Real deployments partition into many .at1 files (by day, by shard). AT1Catalog records each file's global min/max per numeric column (aggregated from that file's footer zone maps), so a query skips whole fileswhose bounds can't satisfy the predicate before opening them, and only range-GET-reads the survivors.

from at1_catalog import AT1Catalog
cat = AT1Catalog("data_dir")              # many daily .at1 files (or a list of paths)
rows, stats = cat.scan(where={"ts": (lo, hi)}, select=["aggId", "ts"])
# stats: files_total / files_skipped / files_scanned / file_bytes_read

A time query over a year of daily files can touch a handful of files and read ~1% of the dataset: files_skipped vs files_scanned in stats shows exactly how many were ruled out unopened.
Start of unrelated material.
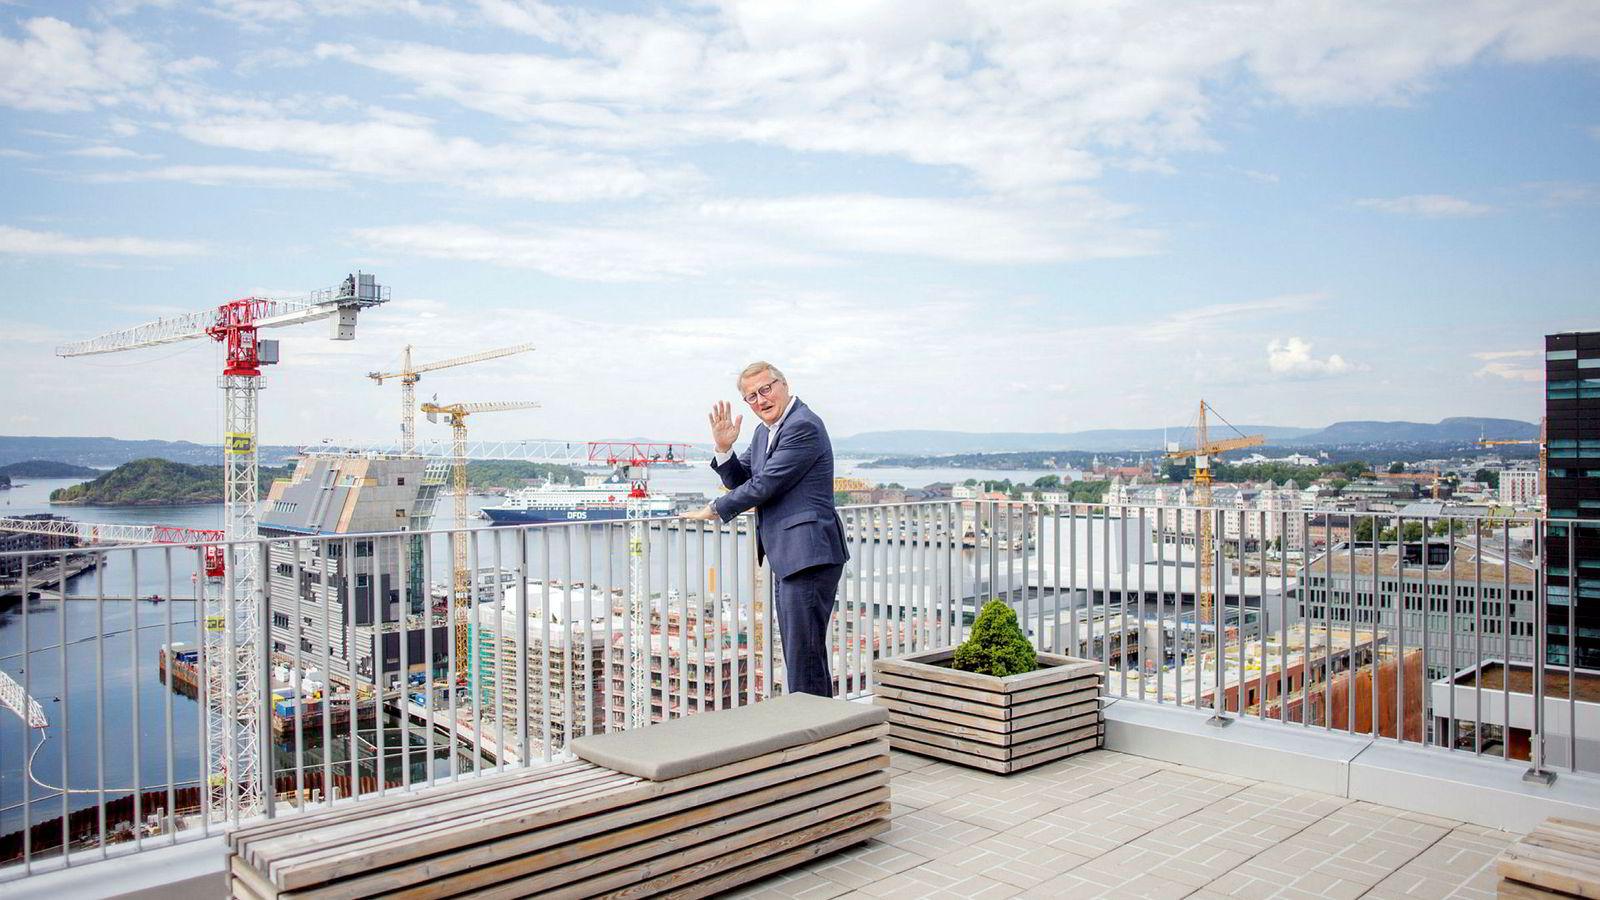 Rune Bjerke har bare få måneder igjen som DNB-sjef, men rakk så vidt å få med at banken passerte Nordea som mest verd i Norden, målt i børsverdi. Her fra hovedkontoret i Bjørvika i Oslo.

The S3 gateway — serve ?select& meter bytes

When you want a server (so engines configured for s3:// — Spark, Trino, DuckDB httpfs, Snowflake external stages — can reach it), s3_gateway.py puts a read-only S3 API in front of the cold tier: GetObject (with HTTP Range, including the suffix form Parquet engines use for footer reads), HeadObject, ListObjectsV2, and an S3-Select-style ?select that pushes predicates straight onto the .at1 — only the touched column blocks are decompressed; the full Parquet is never materialized for a select.
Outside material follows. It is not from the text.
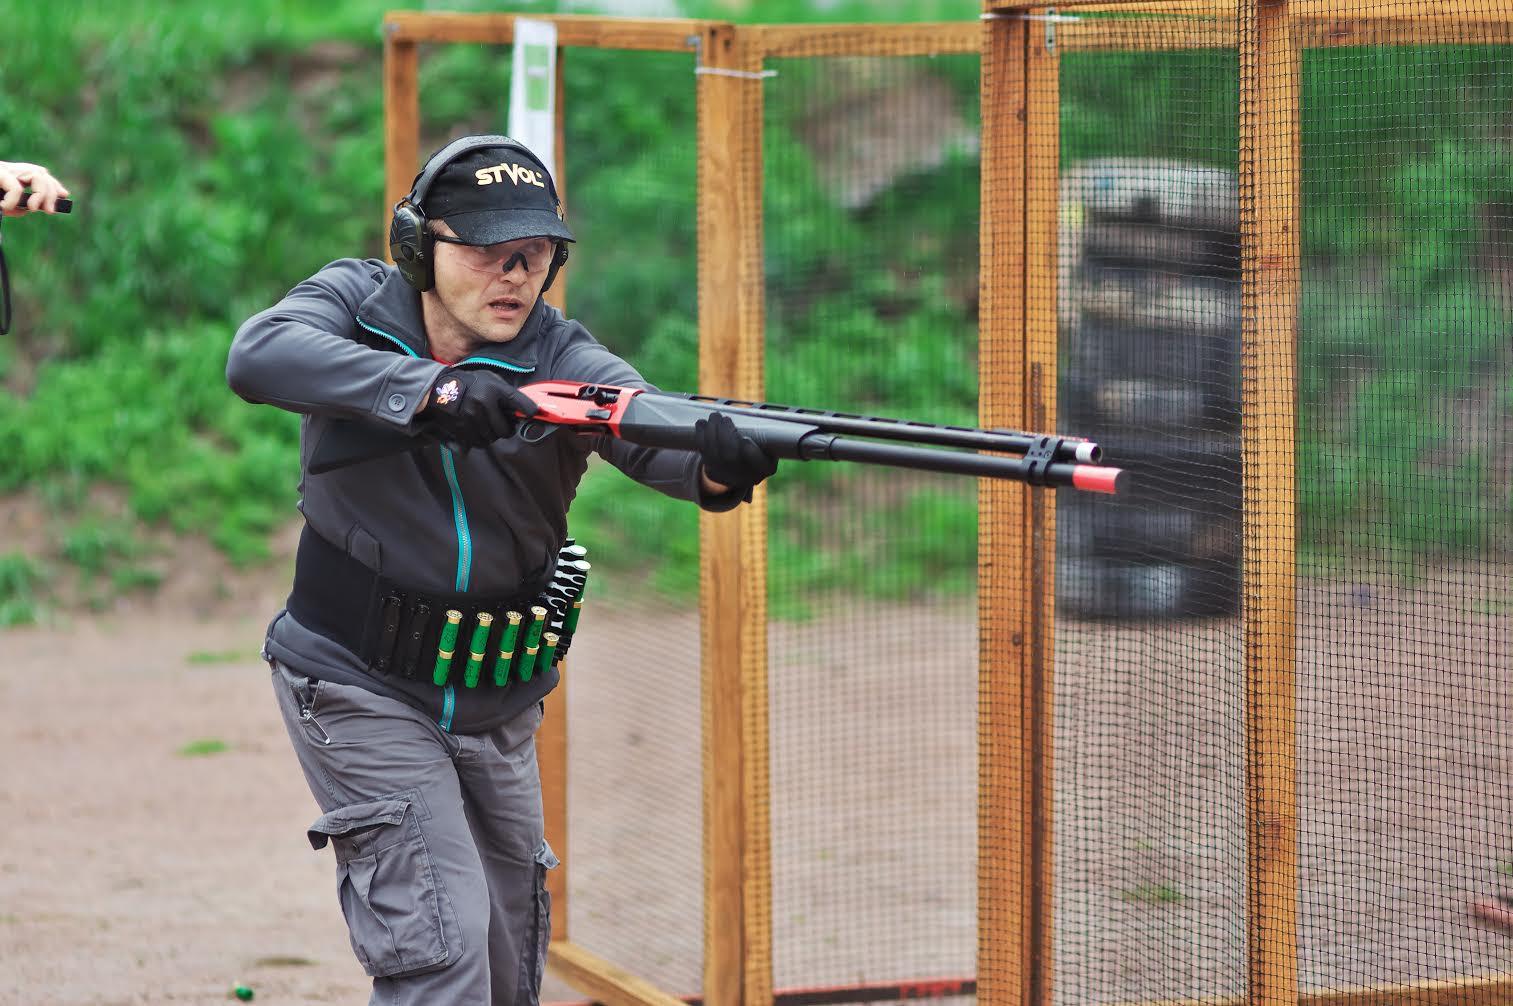 Оружие для спортивной стрельбы

python s3_gateway.py serve ROOT --bucket at1 \
    --access-key AK --secret-key SK --port 9000      # SigV4 auth; loopback-only without keys

# S3-Select-style pushdown straight off the .at1 (no full file materialized):
POST /at1/trades.parquet?select
  {"where": {"agg_id": ["=", 100]}, "select": ["agg_id", "price"], "limit": 1000}
# response carries stats.bytes_read vs total block bytes -- the saving is observable
  • Auth: header-based AWS Signature Version 4, verified against a configured access-key/secret pair — the same scheme real S3 clients sign with, so DuckDB/Spark/Trino need only an endpoint override and path-style URLs. With no credentials it refuses to bind a non-loopback host (fail closed).
  • Metering: each read is metered on the I/O / egress billing axis, and the gateway tracks bytes_served, select_bytes_read, and pushdown_bytes_saved (served at /_at1/stats with a live ticker at /_at1/ticker).
  • Honest scope: read-only cold tier —PUT/DELETE return 405, path-style addressing only, no pre-signed query-string auth yet.

Same byte-exact archive underneath: a select returns values while GetObject still serves the exact original bytes. See docs/ICEBERG.md for the cold-tier gateway design.